Hi,
I am trying to install CUDA 11.7 inside a docker (based on nvidia base docker: nvidia/cuda:11.7.0-devel-ubuntu20.04
) and install pytorch 1.12 on top of it.
I can see the docker build succeeds, but when the print torch.cuda.is_available()
it returns False. As a result any packages I build later tend to fail (e.g. apex installation returns No CUDA runtime found even though cuda 11.7 seems to be installed).
Here is some more diagnostic information I printed out during the docker build:
---> Running in 810601a714ed
print /usr/local dir:
total 4
drwxr-xr-x 1 root root 4096 Nov 7 17:11 bin
lrwxrwxrwx 1 root root 20 Nov 7 17:11 cuda -> /usr/local/cuda-11.7
lrwxrwxrwx 1 root root 25 Aug 12 00:21 cuda-11 -> /etc/alternatives/cuda-11
drwxr-xr-x 1 root root 130 Aug 12 00:32 cuda-11.7
drwxr-xr-x 2 root root 6 Aug 1 13:22 etc
drwxr-xr-x 2 root root 6 Aug 1 13:22 games
drwxr-xr-x 2 root root 6 Aug 1 13:22 include
drwxr-xr-x 1 root root 23 Nov 7 17:09 lib
lrwxrwxrwx 1 root root 9 Aug 1 13:22 man -> share/man
lrwxrwxrwx 1 root root 24 Nov 7 17:08 mpi -> /usr/local/openmpi-4.0.1
drwxr-xr-x 1 root root 17 Nov 7 17:07 openmpi-4.0.1
drwxr-xr-x 2 root root 24 Aug 1 13:25 sbin
drwxr-xr-x 1 root root 17 Nov 7 17:03 share
drwxr-xr-x 2 root root 6 Aug 1 13:22 src
Removing intermediate container 810601a714ed
Step 43/64 : RUN echo "nvcc version: " && nvcc --version
---> Running in 41fd47d4089a
nvcc version:
nvcc: NVIDIA (R) Cuda compiler driver
Copyright (c) 2005-2022 NVIDIA Corporation
Built on Wed_Jun__8_16:49:14_PDT_2022
Cuda compilation tools, release 11.7, V11.7.99
Build cuda_11.7.r11.7/compiler.31442593_0
Step 58/64 : RUN echo "print pytorch version: " && python3 -c "import torch; print(torch.__version__)"
---> Running in 63ae4acaf382
print pytorch version:
1.12.0a0+git664058f
Removing intermediate container 63ae4acaf382
---> 3099c4e3f35d
Step 59/64 : RUN echo "print pytorch nccl version: " && python3 -c "import torch; print(torch.cuda.nccl.version())"
---> Running in ab1d49d02685
print pytorch nccl version:
(2, 13, 4)
Removing intermediate container ab1d49d02685
---> 393a7ad5f55a
Step 60/64 : RUN echo "print pytorch cuda version: " && python3 -c "import torch; print(torch.version.cuda)"

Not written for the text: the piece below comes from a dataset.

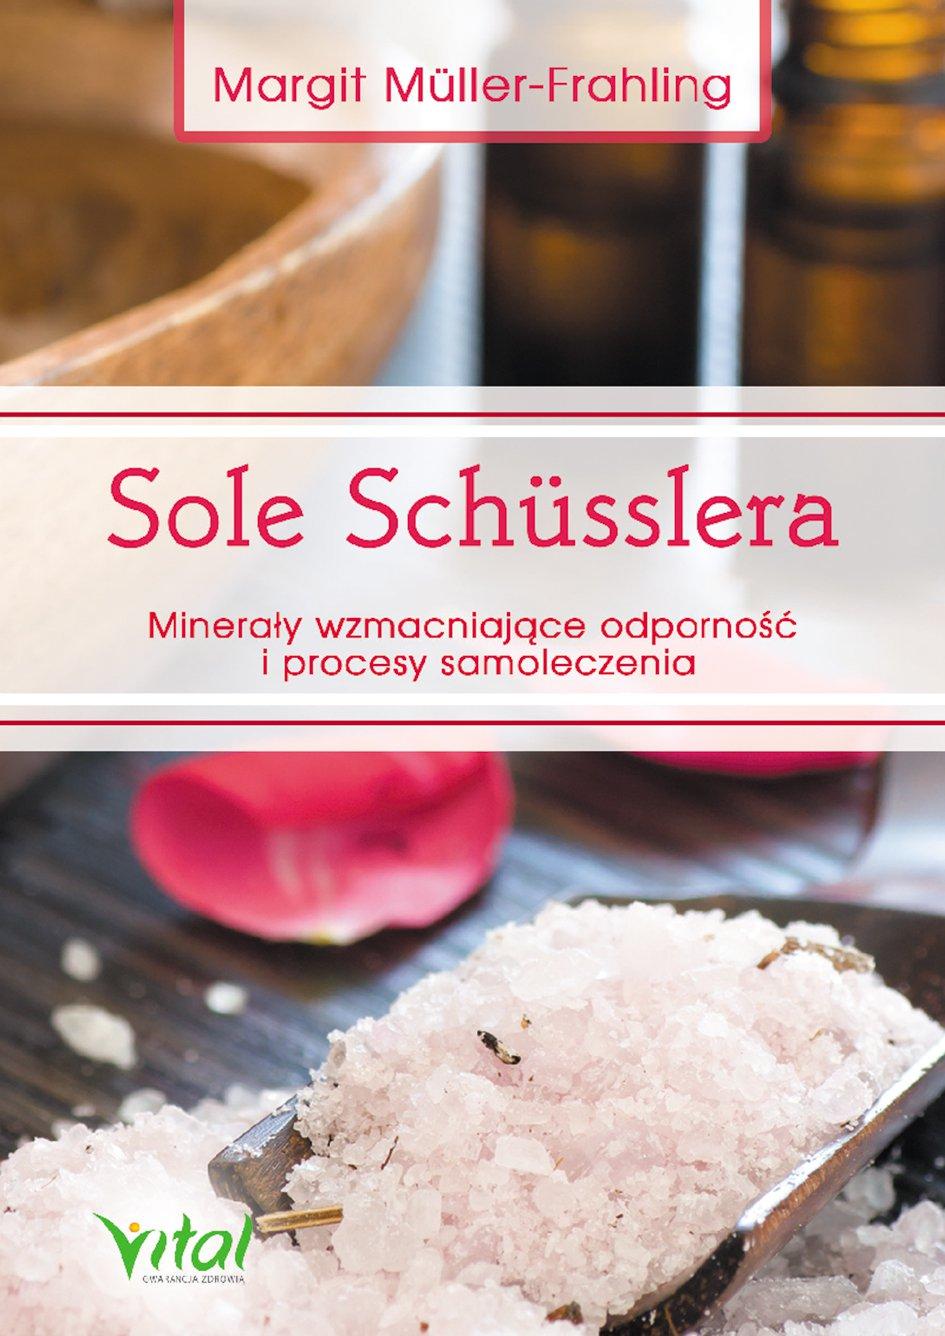 Sole Schusslera. Minerały wzmacniające odporność - Ebook (Książka na Kindle) do pobrania w formacie MOBI
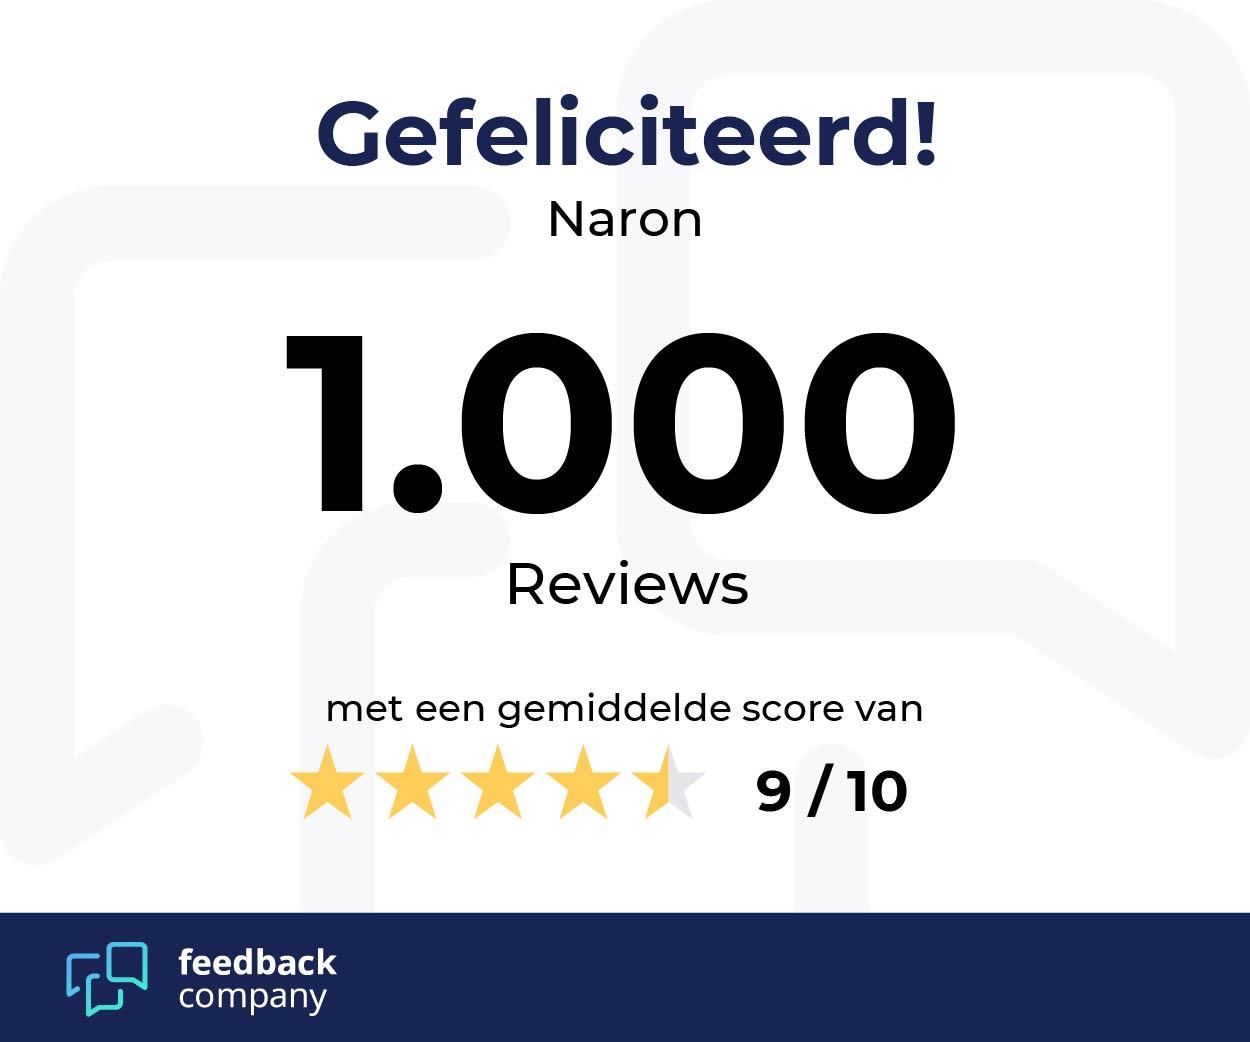 Naron heeft de 1000 revieuws gehaald bij feedback company

---> Running in df47a3c0d236
print pytorch cuda version:
11.7
Removing intermediate container df47a3c0d236
---> ebe9529fce33
Step 61/64 : RUN echo "print torch.cuda.is_available? " && python3 -c "import torch; print(torch.cuda.is_available())"

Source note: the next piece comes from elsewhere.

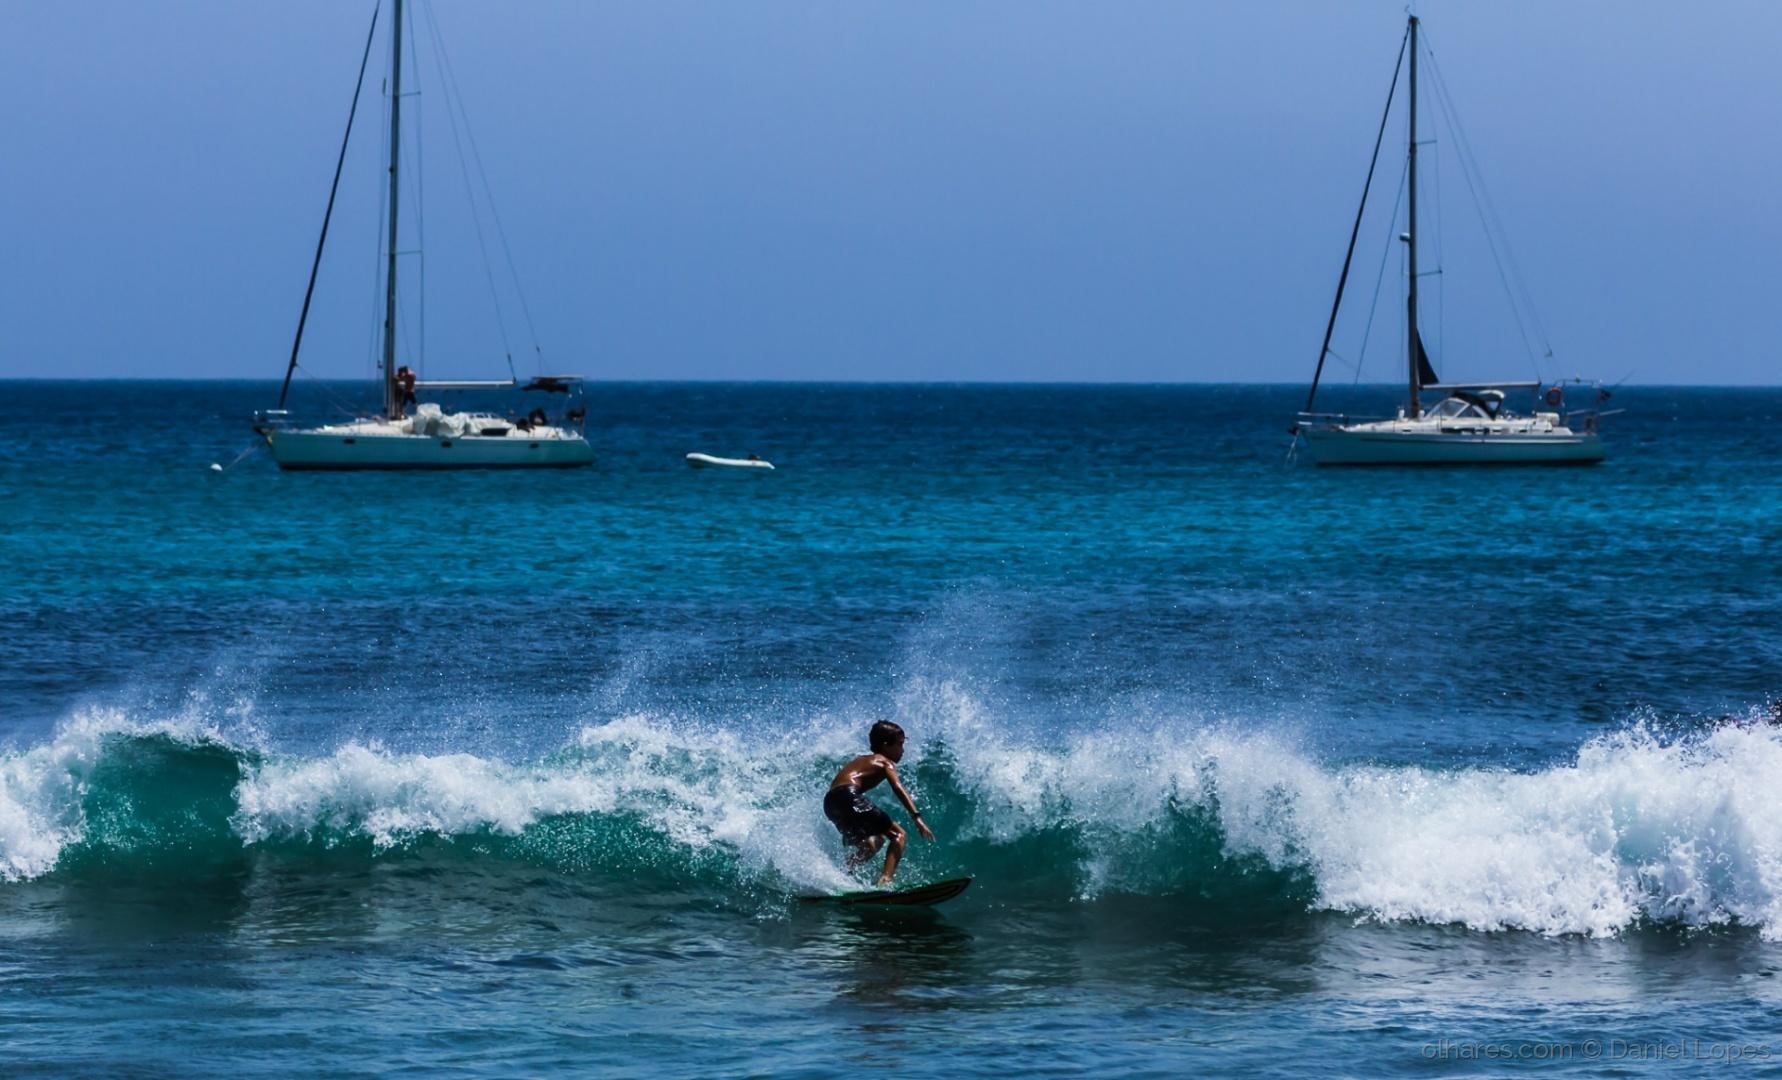 Desporto e Ação/Surfing in Santa Maria

---> Running in 6be9b3a6ff33
print torch.cuda.is_available?
False
I install pytorch as follows (and also add the /usr/loca/cuda/bin to PATH):
cd ${STAGE_DIR}/pytorch && git checkout v${PYTORCH_VERSION} && \
git submodule sync && git submodule update --init --recursive && \
export CUDA_HOME=/usr/local/cuda-11.7 && export PATH=/usr/local/cuda/bin${PATH:+:${PATH}} && sudo rm -rf build && sudo NCCL_ROOT=${STAGE_DIR}/nccl/build NCCL_INCLUDE_DIR=${STAGE_DIR}/nccl/build/include NCCL_LIB_DIR=${STAGE_DIR}/nccl/build/lib CMAKE_CUDA_COMPILER=/usr/local/cuda/bin/nvcc CMAKE_CUDA_ARCHITECTURES=all USE_SYSTEM_NCCL=1 python3 setup.py install
Anybody faced this issue or has suggestions on how to resolve this?